Когда в 1822 году автор делал правку этого своеобразного морального путешествия по Италии и Германии, где описывал те или иные предметы в тот день, когда он их видел, к рукописи, содержащей подробное изложение всех стадий болезни души под названием любовь, он относился с тем слепым почтением, какое ученый XIV века проявлял к только что найденному манускрипту Лактанция или Квинта Курция. Когда автор наталкивался на какой-то труднораспознаваемый отрывок, а это, по правде говоря, с ним частенько случалось, он всегда винил свое тогдашнее я. Он признается, что его почтение к древней рукописи дошло до того, что он напечатал несколько отрывков, которые сам уже не понимает. Нет ничего безрассуднее для того, кто хоть немного задумался бы об одобрении публики; но автор, вернувшись в Париж после долгих странствий, считал невозможным добиться успеха, не угодничая перед газетчиками. Однако раз уж приходится прибегать к угодливости, то лучше приберечь ее для первого министра. Так как о том, что называется успехом, не могло быть и речи, автор развлекал себя тем, что публиковал свои мысли именно в том виде, в каком они к нему приходили. Так же в прошлом поступали греческие философы, чья практическая мудрость приводит его в восхищение.
Чтобы проникнуть в частную жизнь итальянского общества, нужны годы. Похоже, мне довелось стать последним путешественником по этой стране. Со времен карбонаризма и австрийского нашествия в салонах, где когда-то царило безудержное веселье, ни одного чужеземца уже не примут в качестве друга. Он увидит памятники, улицы, городские площади, но никоим образом не сумеет вникнуть в жизнь общества; иностранец всегда будет вызывать страх; местные жители заподозрят в нем шпиона, или у них возникнут опасения, а вдруг он насмехается над битвой при Антродоко и над теми низостями, к которым тут прибегают и без которых немыслима жизнь в этой стране, чтобы избегнуть преследования со стороны восьми или десяти министров и фаворитов, окружающих правителя. Я очень хорошо относился к местным жителям и мне удалось разглядеть правду. Порой я по десять месяцев подряд не произносил ни слова по-французски, и, если бы не беспорядки и карбонаризм, я бы никогда не вернулся во Францию. Добродушие – вот что я ценю превыше всего.

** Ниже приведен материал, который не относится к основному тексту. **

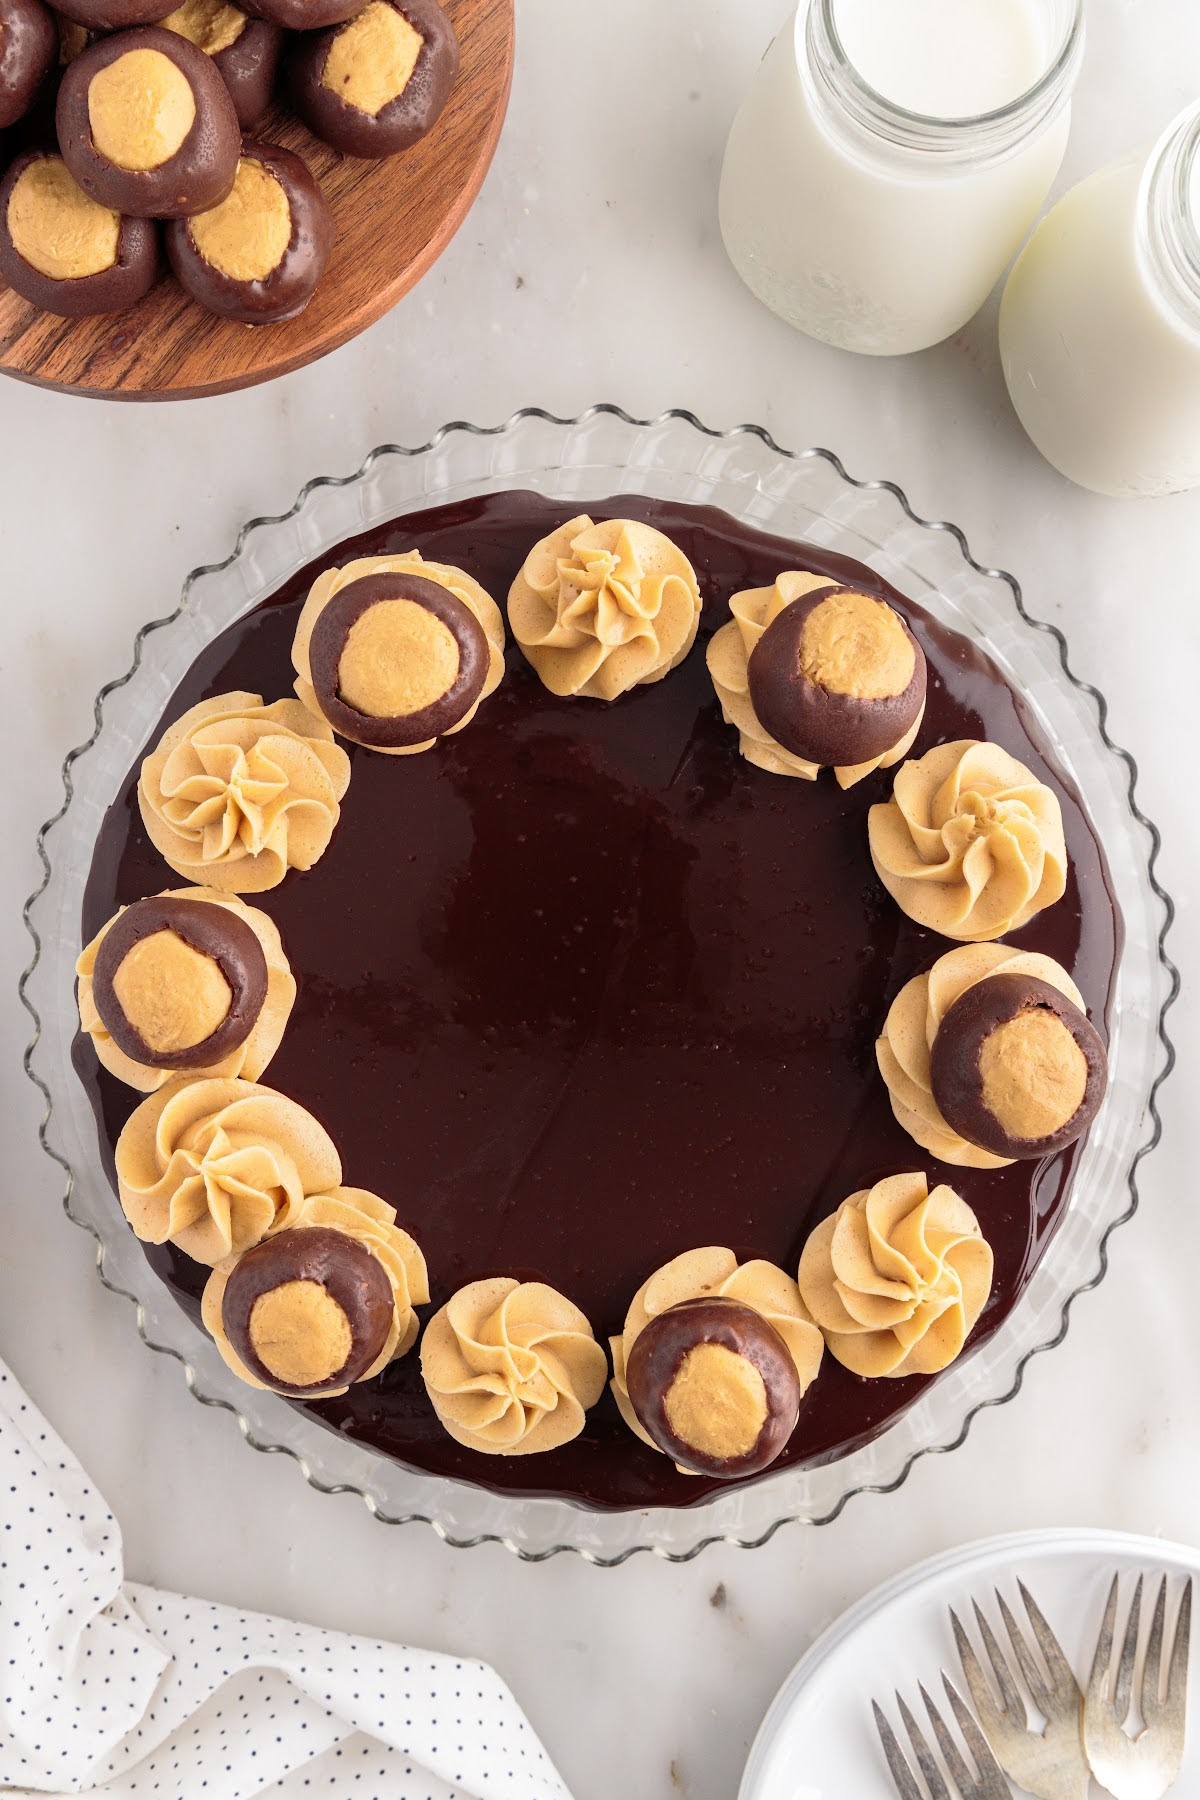 Buckeye cookies placed on every other swirl on the top of the Chocolate Peanut Butter Cheesecake.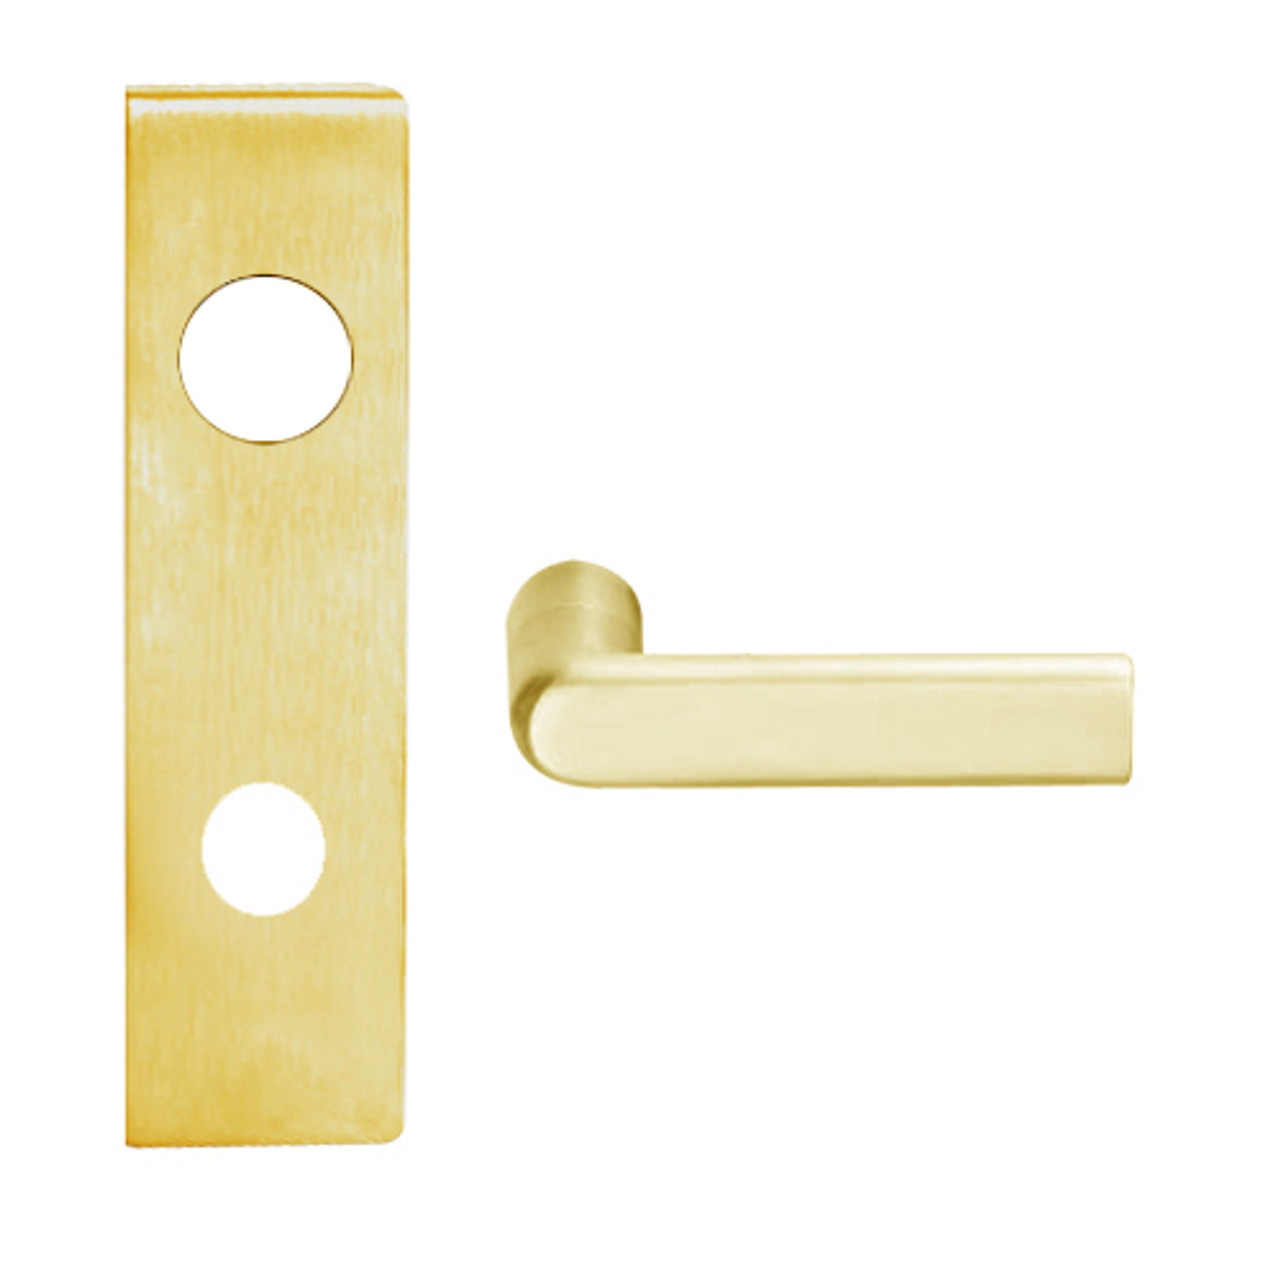 L9026R-01N-605 Schlage L Series Exit Lock with Cylinder Commercial Mortise Lock with 01 Cast Lever Design and Full Size Core in Bright Brass

Несмотря на все мои усилия быть ясным и понятным, я не могу творить чудеса; я не могу вернуть слух глухим или зрение слепым. Так, люди, приверженные деньгам и грубым радостям, заработавшие сто тысяч франков за год, предшествовавший тому моменту, когда они открывают эту книгу, должны очень быстро ее закрыть, особенно если они банкиры, фабриканты, респектабельные промышленники, то есть люди с исключительно позитивным мышлением. Более понятной эта книга оказалась бы для того, кто выиграл большие деньги на бирже или в лотерею. Такой выигрыш вполне сочетается с привычкой проводить целые часы в мечтаниях, наслаждаясь эмоциями, которыми вас одаряют картины Прюдона, музыкальные фразы Моцарта или какой-то особенный взгляд женщины, о которой вы часто думаете. Люди, в конце каждой недели выдающие зарплату двум тысячам рабочих, тратят свое время не так; их ум всегда направлен на нечто полезное и позитивное. Они воспылали бы ненавистью к упомянутому мною мечтателю, если бы располагали на то досугом; именно его они охотно сделали бы объектом своих насмешек. Миллионер-промышленник смутно ощущает, что такой человек ставит идею выше мешка с тысячей франков.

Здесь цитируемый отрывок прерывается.